Cyphochilus is a genus of beetles with unusually bright white scales that cover the whole exoskeleton. Cyphochilus inhabit Southeast Asia.

== Etymology ==
Probably the same etymology as the former Cyphochilus orchid: from the Greek kyphos meaning "bent" and cheilos meaning "lip", because of the reflexed lip.

== External morphology ==
A strongly asymmetric labrum sets Cyphochilus apart from all other members in its superfamily. Some distinguishing traits by species include 10-segmented antennae, the upper part of the body only covered in scales, and strongly asymmetric paramere.

The whiteness of the scales is caused by a thin disordered photonic structure (≈7 μm) which scatters light of all wavelengths with the same efficiency, thus resulting in a white colouration. This is particularly interesting as the beetle's exoskeleton underneath the scales is black, meaning that the scattering events must be very efficient in order to achieve such high opacity.

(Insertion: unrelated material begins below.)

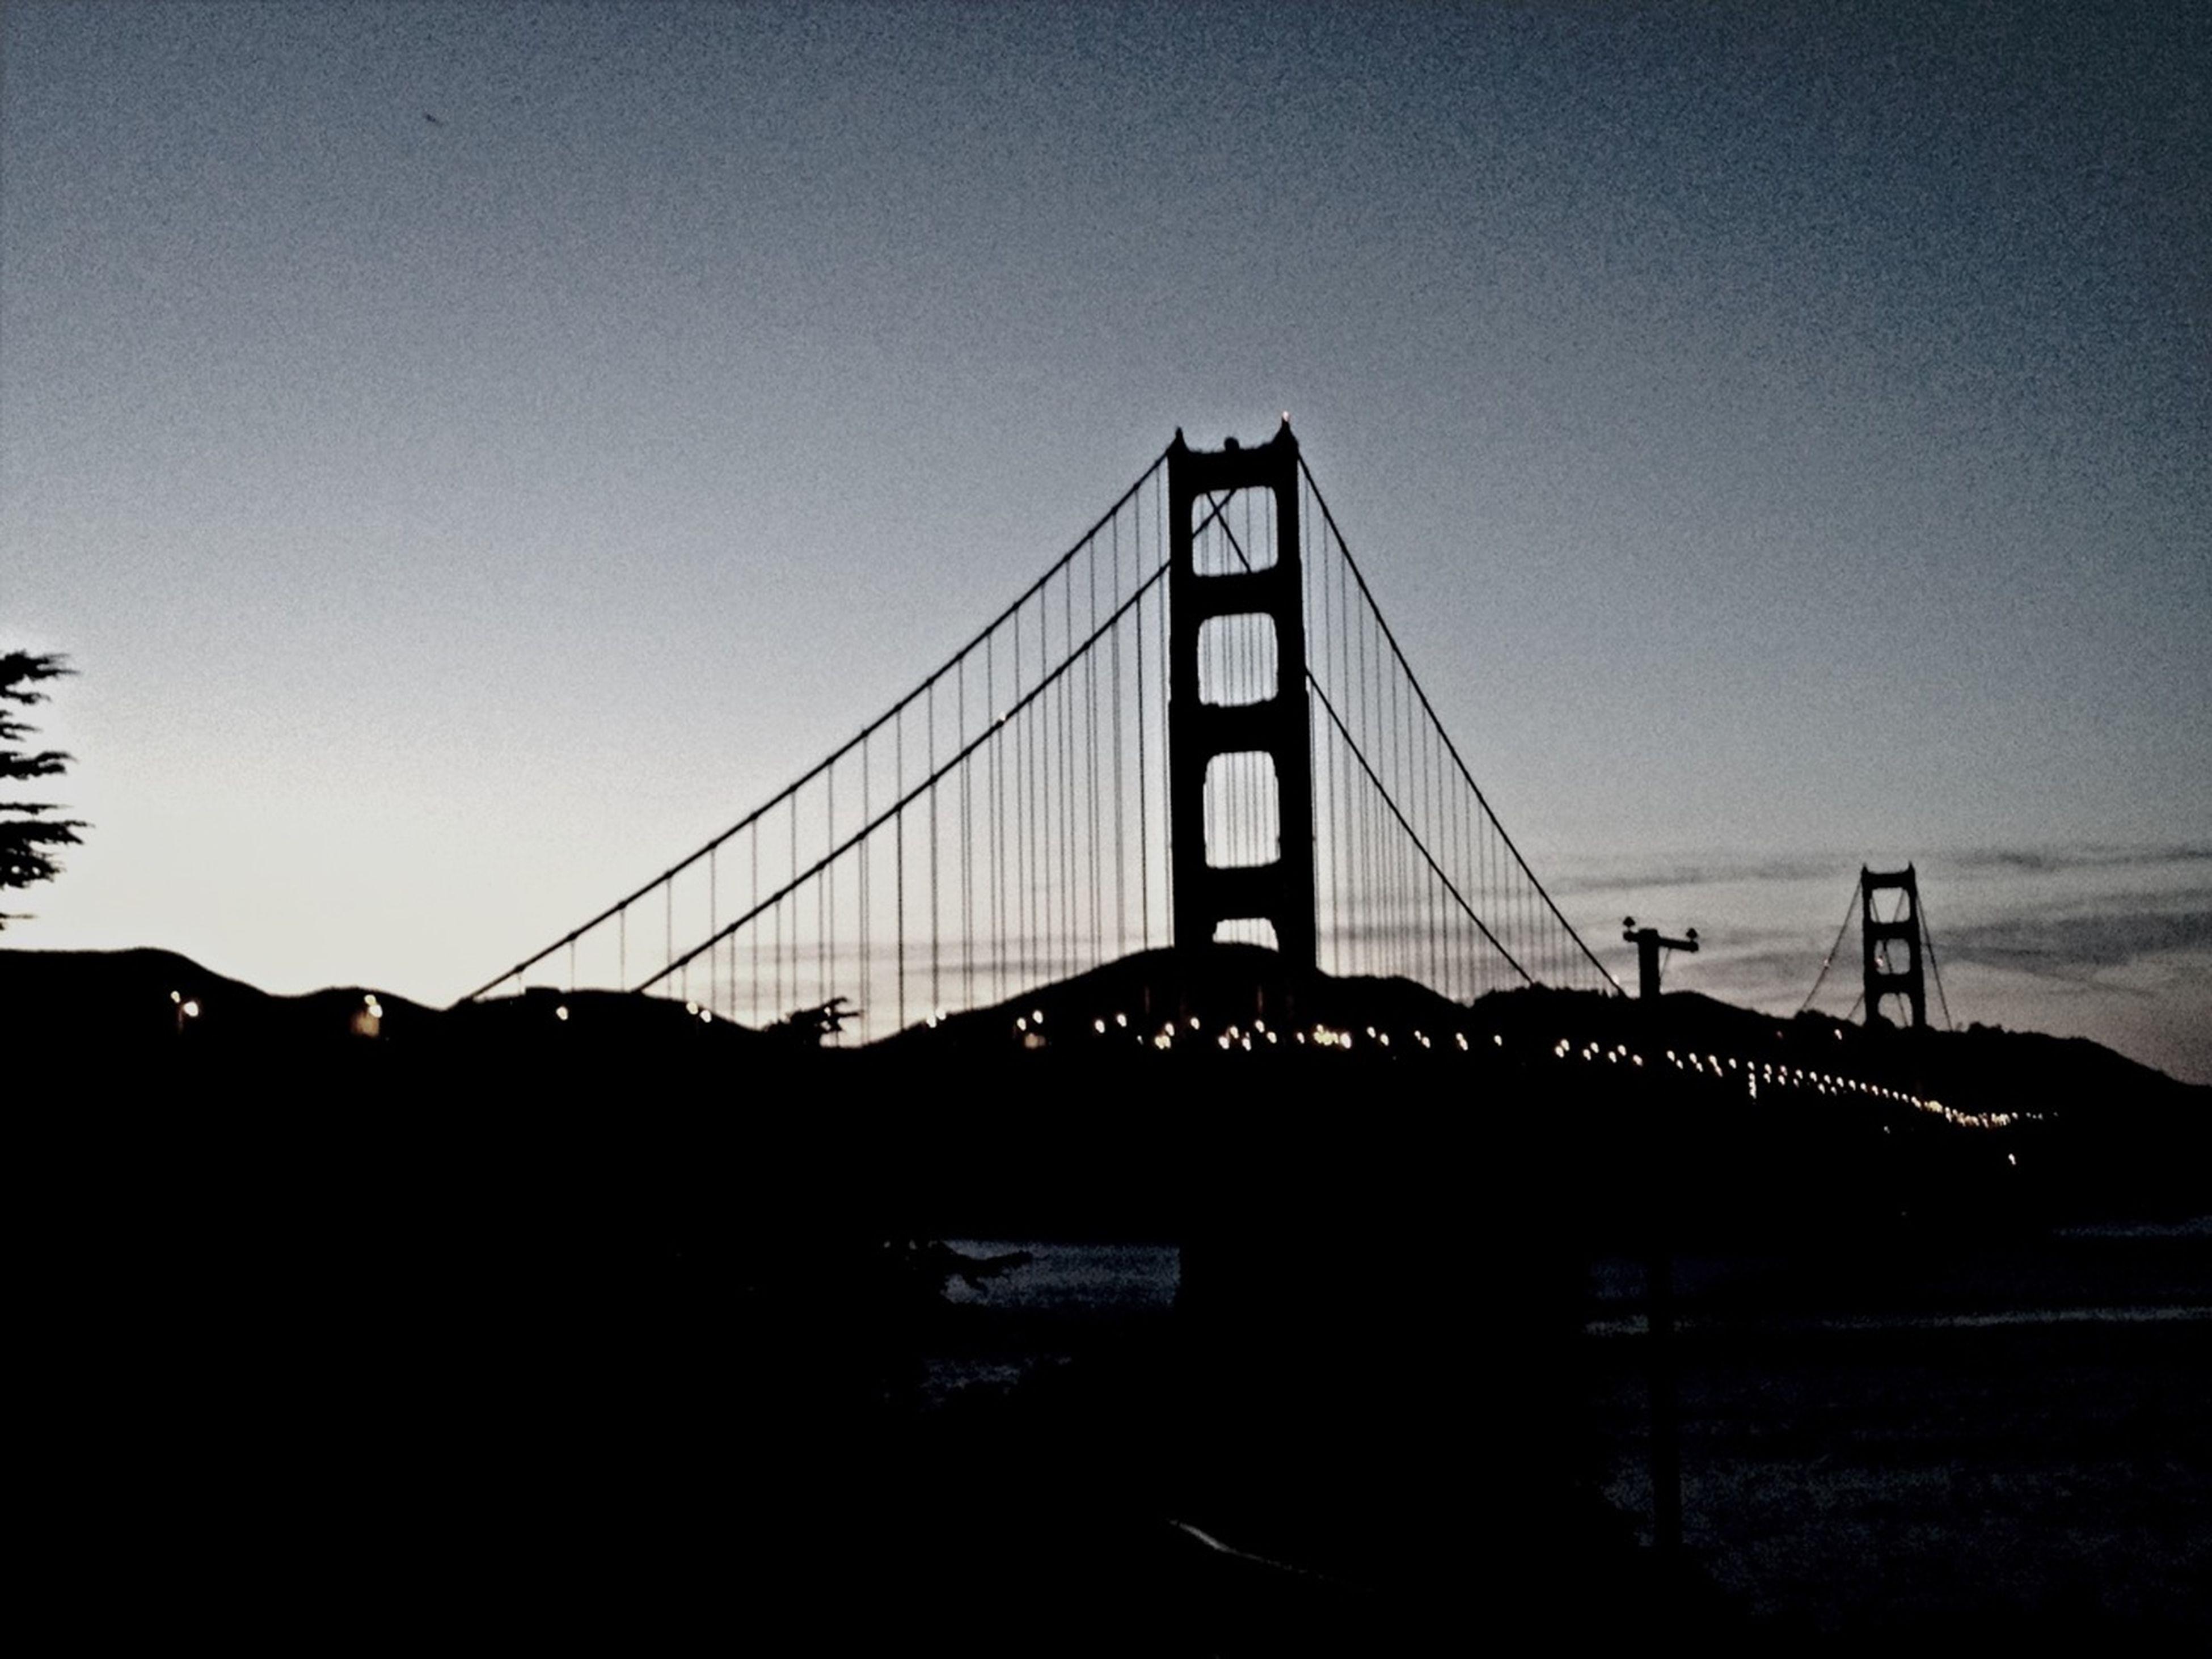 Just Another Bridge

The white scales are composed of sclerotin, a modified form of the polymer chitin, and are whiter than paper or any artificial material produced as of 2022. That is they have a scattering mean free path shorter than any natural material thanks to the anisotropy in the spatial architecture of the fibres, which ensures a high packing efficiency whilst preventing optical crowding.

== Ecology ==
The beetles are believed to have developed white coloration to camouflage themselves among white fungi. The chitin filaments are just a few micrometres thick – far thinner than a very fine sheet of paper. The elements are tightly packed, scattering light efficiently, but still able to keep a degree of disorder in their shape. It has been shown how this strategy is evolutionarily optimised to produce bright whiteness despite the low refractive index of sclerotin.

== Inspired materials ==
Scientists have exploited the topology of the random network to fabricate materials of comparable performance for application as ultra-white paints and coatings. For instance, in 2018 Syurik et al. have developed a bioinspired PMMA-based material that scatters light efficiently and is flexible and switchable in appearance.

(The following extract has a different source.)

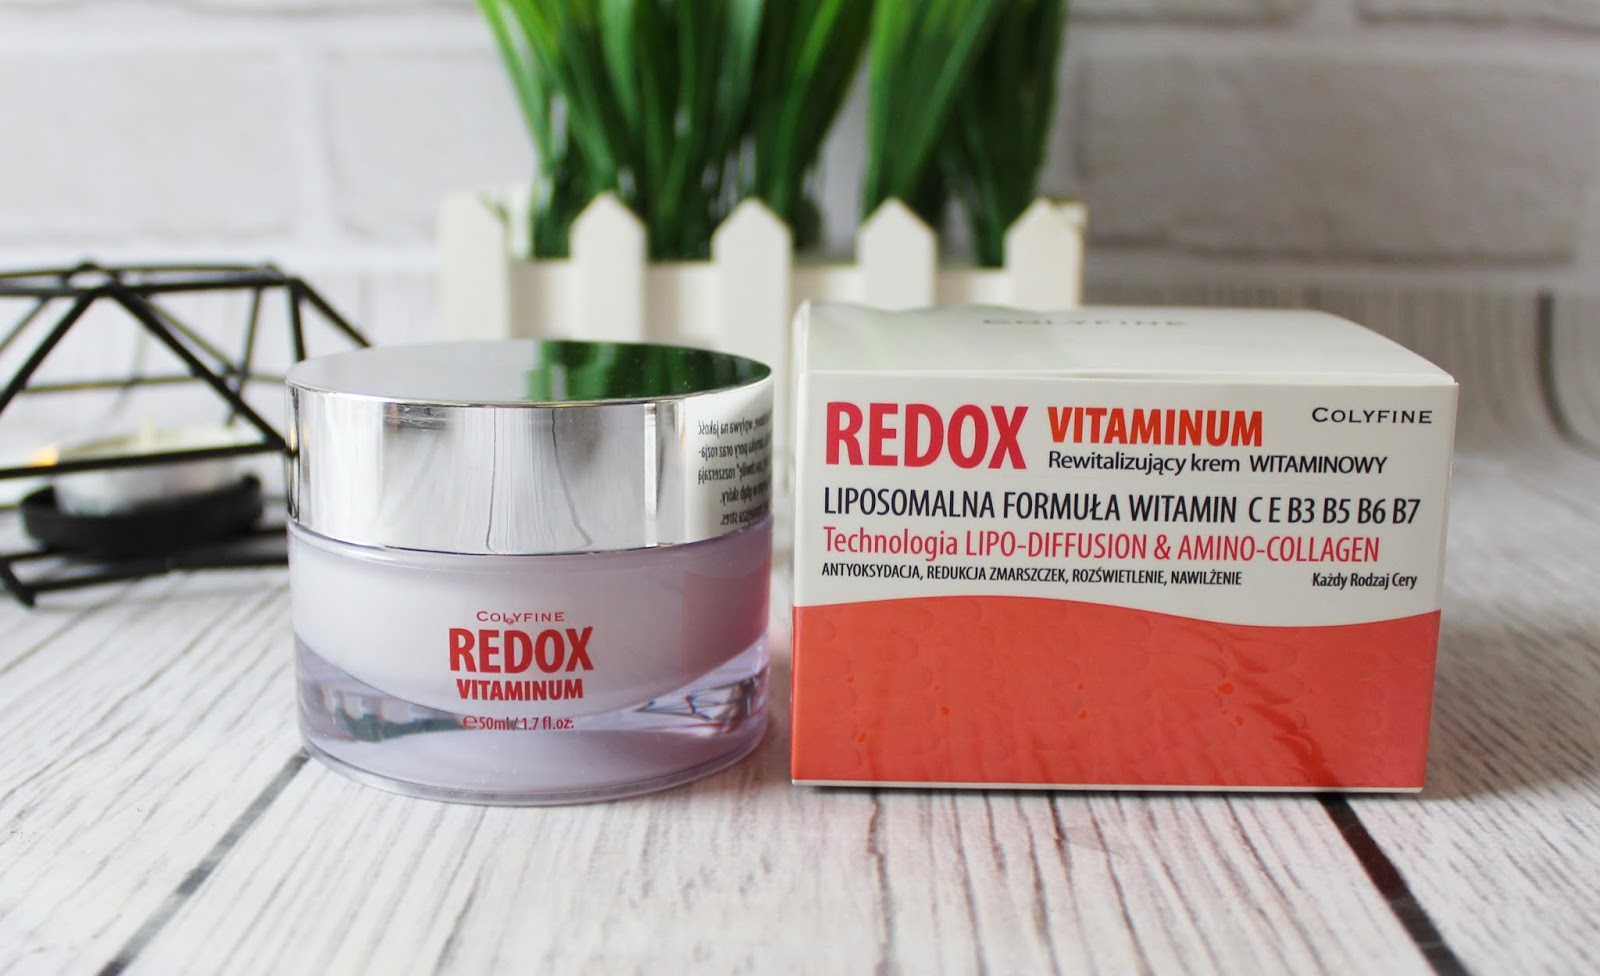 COLYFINE REDOX VITAMINUM + serum regenerujące do ust

Another recent example consists of the use of cellulose nanofibrils to fabricate ultra-white paper for cosmetics and coatings. Or ceramic for tiles.

In 2023 a durable alumina-based ceramic based on Cyphochilus achieved a solar reflectivity of 99.6%, a record high, along with infrared thermal emission of 96.5%. It tolerates ultraviolet light and increases water evaporation and withstands temperatures of over 1,000 °C.

Finally, the researchers also say that the material can be easily mass produced, using common materials like alumina and a two-step process of phase inversion and sintering. And if white is too boring for some houses, the material can apparently be produced in other colors and patterns by adding extra layers.